On Thursday, Bitcoin mining giant MARA Holdings (NASDAQ: MARA) announced that it had successfully closed a $1 billion convertible senior notes offering on November 20, 2024. The offering includes an additional $150 million in notes issued when initial purchasers exercised their full 13-day option on November 19.

The zero-interest convertible senior notes, maturing March 1, 2030, were sold privately to qualified institutional buyers under Rule 144A of the Securities Act. After deducting purchasers’ discounts and commissions, MARA netted approximately $980 million from the sale.

The company has outlined specific plans for the proceeds, allocating $199 million to repurchase $212 million of its existing 2026 convertible notes through private negotiations. The remaining funds will be used to acquire additional bitcoin and support general corporate purposes, including working capital, strategic acquisitions, asset expansion, and debt repayment.

These senior notes come with distinct features. While they won’t bear regular interest or accrete in principal amount, MARA may pay special interest semi-annually, beginning March 1, 2025, if it fails to meet reporting obligations or under specific circumstances. The company maintains the right to redeem the notes after March 5, 2028, at 100% of principal value, provided MARA’s stock price stays at least 130% above the conversion price for a specified period and minimum outstanding notes of $75 million remain.
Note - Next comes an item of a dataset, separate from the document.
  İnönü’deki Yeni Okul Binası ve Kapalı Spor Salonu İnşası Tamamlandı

Noteholders have conversion options and protective provisions. They can require MARA to repurchase their notes on December 1, 2027, or upon fundamental company changes. The notes are convertible into cash, MARA common stock, or a combination at the company’s discretion. The initial conversion rate is 38.5902 shares per $1,000 of notes, setting the conversion price at $25.9133 per share – representing a 42.5% premium over MARA’s volume-weighted average price of $18.1848 on November 18.
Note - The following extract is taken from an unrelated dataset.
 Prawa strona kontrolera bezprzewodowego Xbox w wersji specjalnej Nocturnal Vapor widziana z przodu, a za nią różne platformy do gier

The transaction could significantly impact MARA’s stock trading patterns. The company warned that holders of the existing 2026 convertible notes who agree to the repurchase may need to adjust their hedge positions by purchasing MARA common stock or engaging in derivative transactions. This activity could substantially affect the stock’s market price, particularly given its historical trading volumes, and potentially influence the new notes’ effective conversion price.

The notes and any resulting common stock issuances haven’t been registered under the Securities Act or other jurisdictions’ securities laws, limiting their sale to qualified institutional buyers under exemption provisions.